Sorry I didn't get back to you sooner, I was out of town. Anyhow, I'm assuming you mean to do this in more than one line of code.

So, on with how to tackle this. kanarde explained how the division (/) and modulus (%) operators work on integers--so, I'll just skip over that much. First the number you proposed, 12345, is an integer base ten. Therefore, dividing the integer 12345 by 10 results in 1234 and taking the modulus of 12345 and 10 yields 5. Following this, we can take the modulus of 1234 and 10 (which is 4) and add it to the previous result (5) times 10, yielding 54. We can continue this until the whole number reverses.

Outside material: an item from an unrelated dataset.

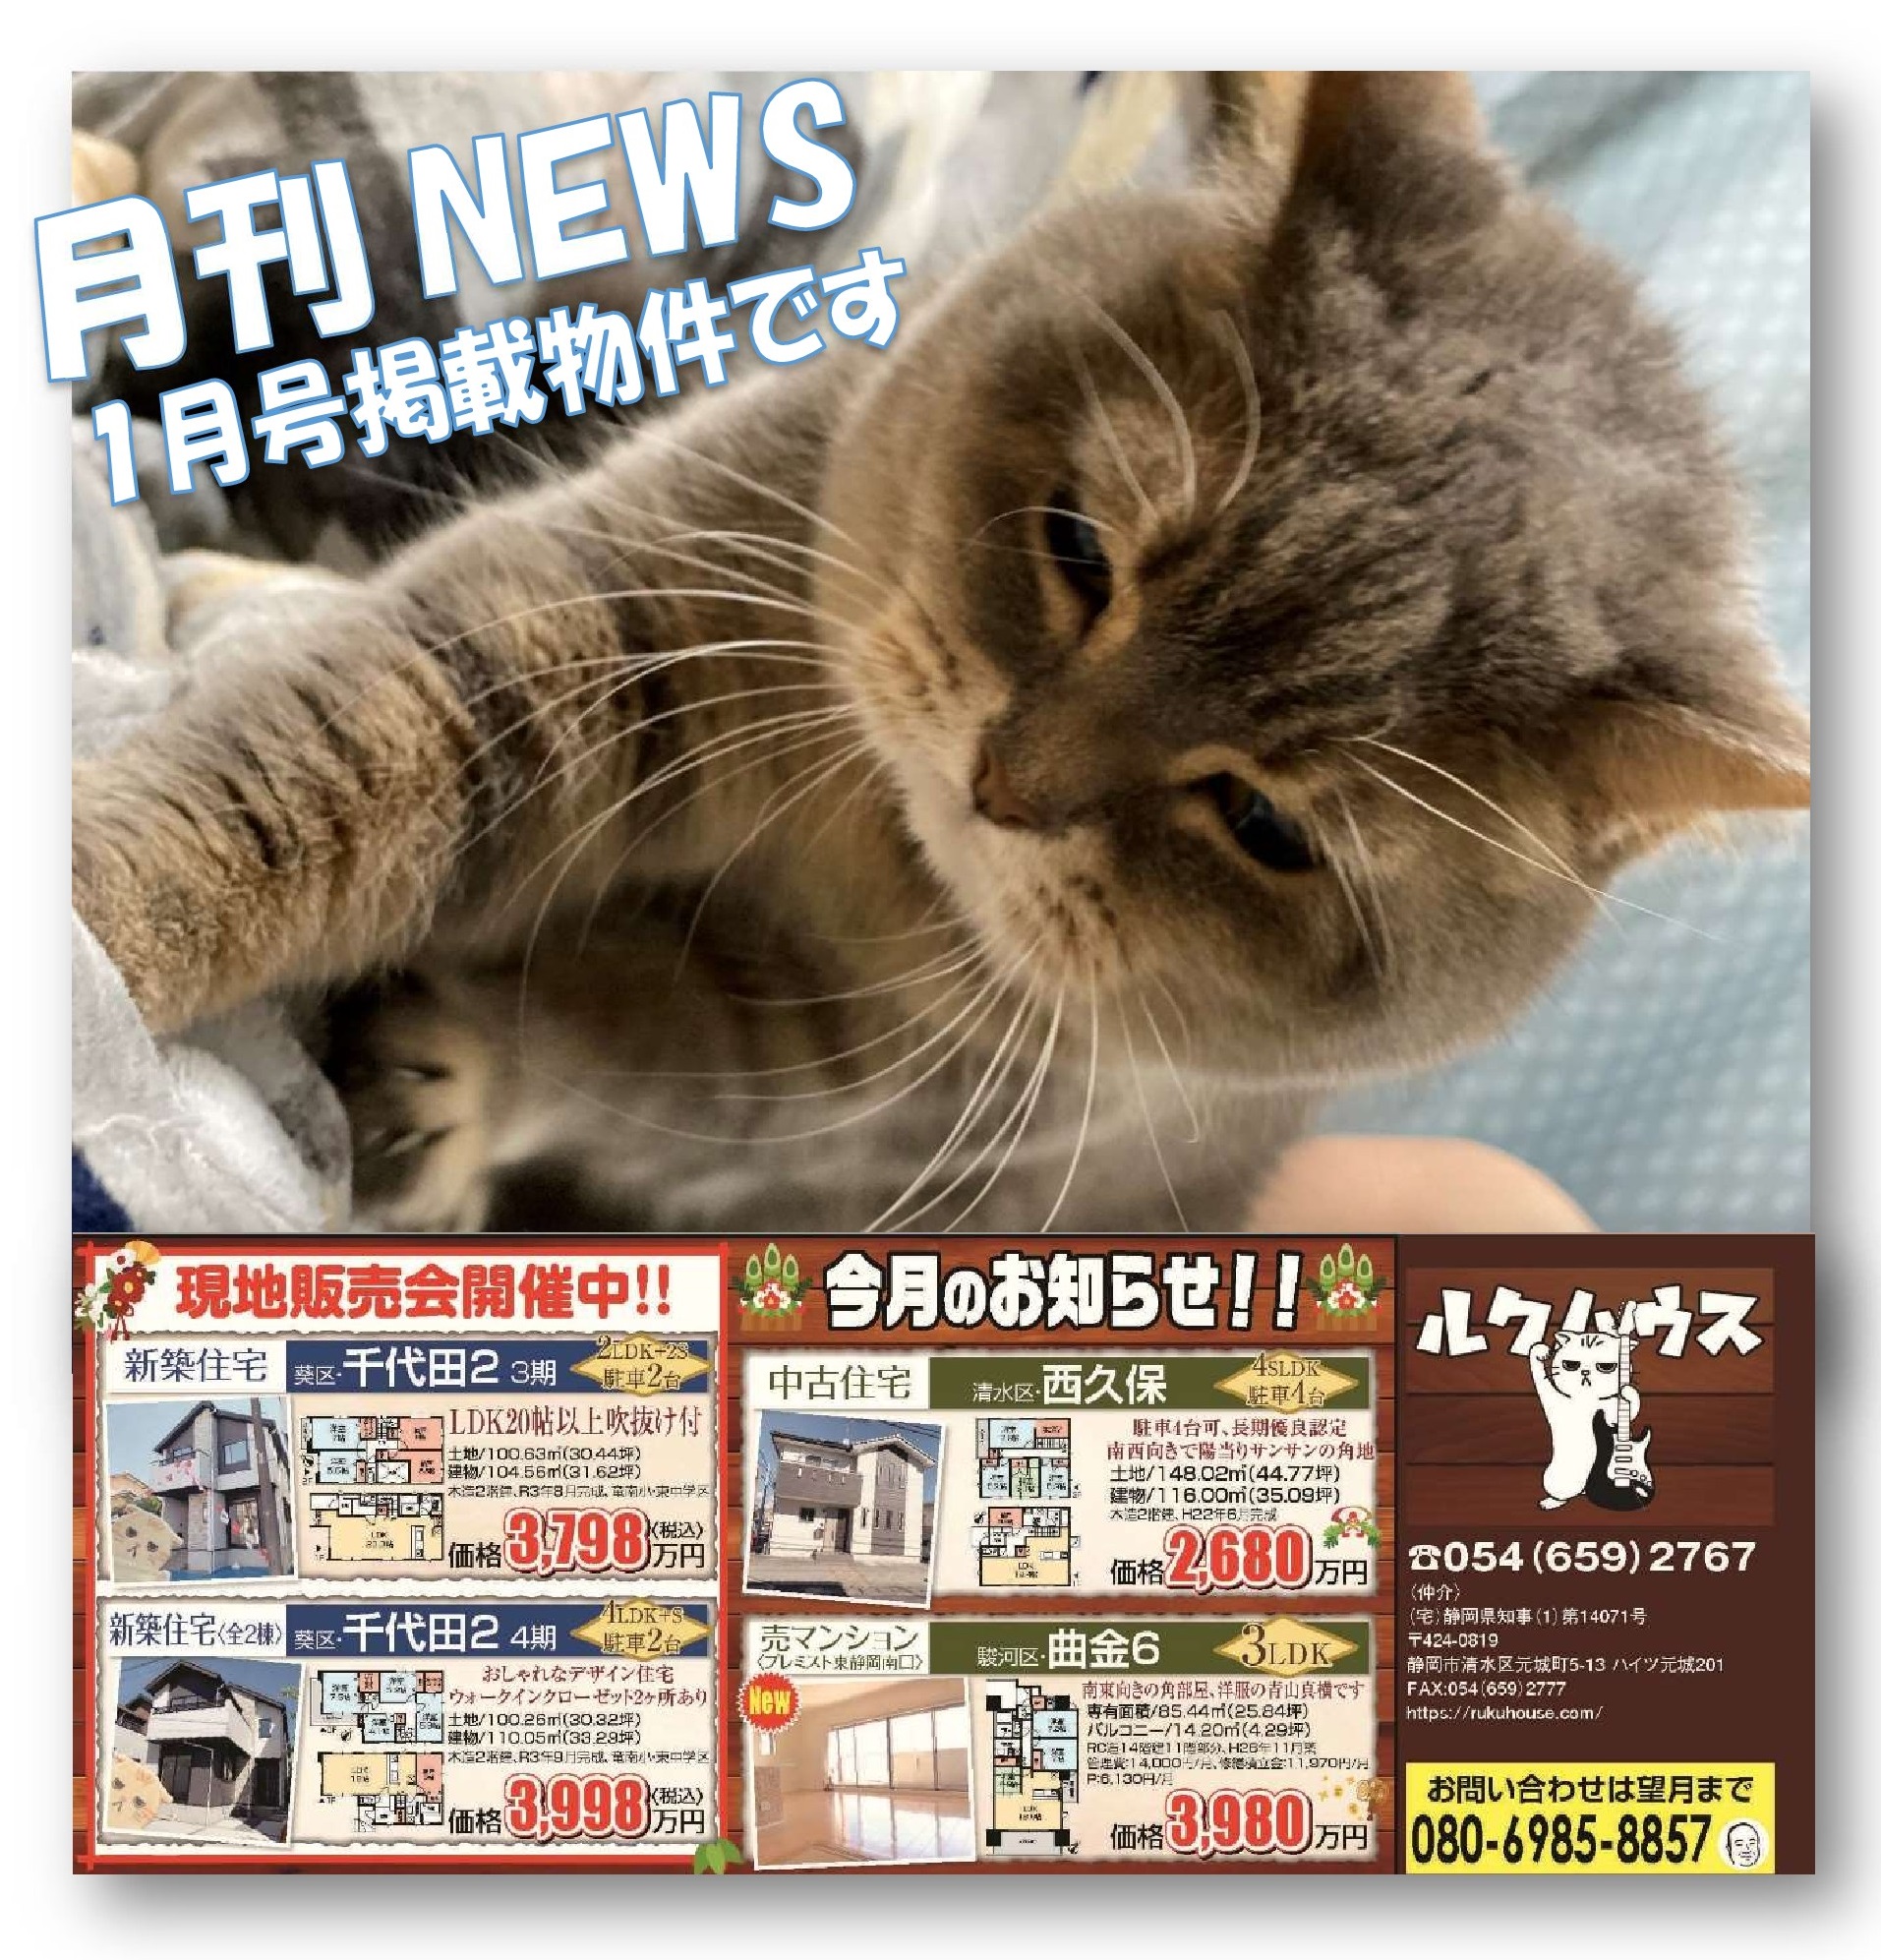 ■月刊NEWS・1月号掲載物件■
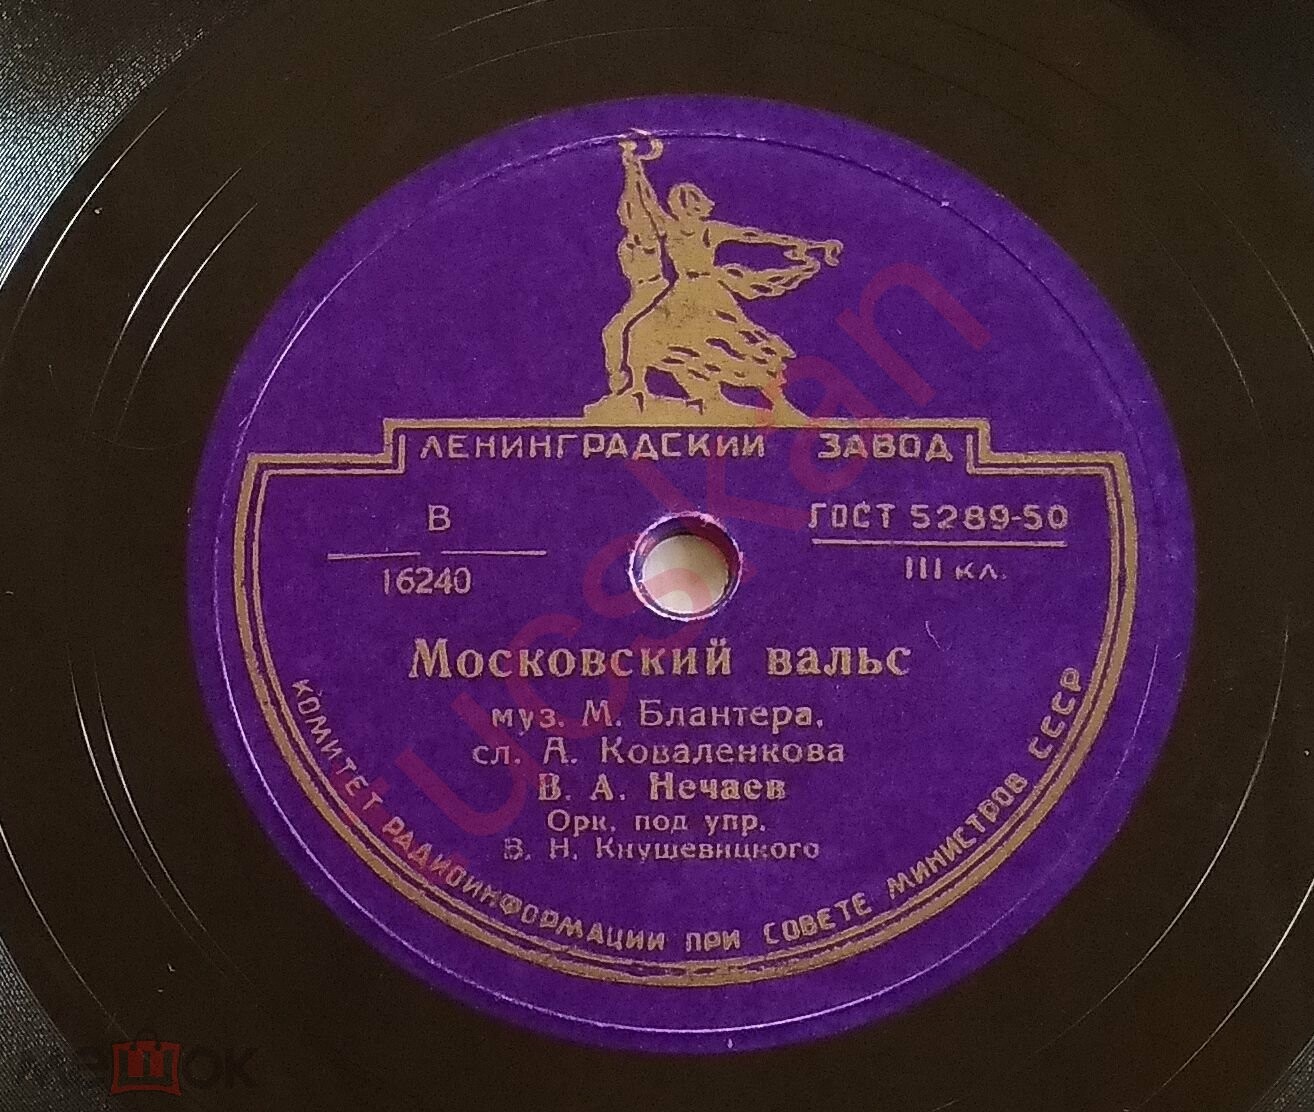 В. А. Нечаев – Студенческая песня / Московский вальс

Here is a code example:

Code:

#include <iostream>
int reverse_int(int);
int reverse_int(int input){
int output = 0; // Workspace for the
// reversed int to be built
// While there are more
// digits to deal with, loop...
while(input != 0){
// First, use modulus (%) and
// add the remainder to the output times ten...
output = (output * 10) + (input % 10);
// Next, divide input by ten to get rid of the
// digit we just "appended" to the output...
input /= 10;
} // End while
return output;
} // End reverse_int()
int main(int argc, char *argv[]){
int i = 12345;
cout << i
<< " reversed is "
<< reverse_int(i)
<< '\n'
<< ends;
i = 123456789;
cout << i
<< " reversed is "
<< reverse_int(i)
<< '\n'
<< ends;
} // End main()

Keep in mind, however, this does not deal with the case of a number that--in its original form--is a multiple of ten. For instance, 1230 will reverse to 321, because base ten numbers--in C/C++--have no leading zeroes. Only base eight (octal) numbers have leading zeroes (and base sixteen (hexadecimal) numbers are represented with a leading 0x).

The easiest way around this is to prepend a zero when the modulus of original integer and ten equals zero. Here is a modified version of the main() from above that does just that.

Code:

// Includes and reverse_int() here...
int main(int argc, char *argv[]){
int i = 123450;
cout << i
<< " reversed is ";
// Deal with the the case
// where i is a multiple of 10...
if((i % 10) == 0)
cout << 0;
cout << reverse_int(i)
<< '\n'
<< ends;
i = 123456789;
cout << i
<< " reversed is ";
// Deal with the the case
// where i is a multiple of 10...
if((i % 10) == 0)
cout << 0;
cout << reverse_int(i)
<< '\n'
<< ends;
} // End main()

There are other ways to do this, probably much nicer than above, but this is probably the least complex--and it gets the job done.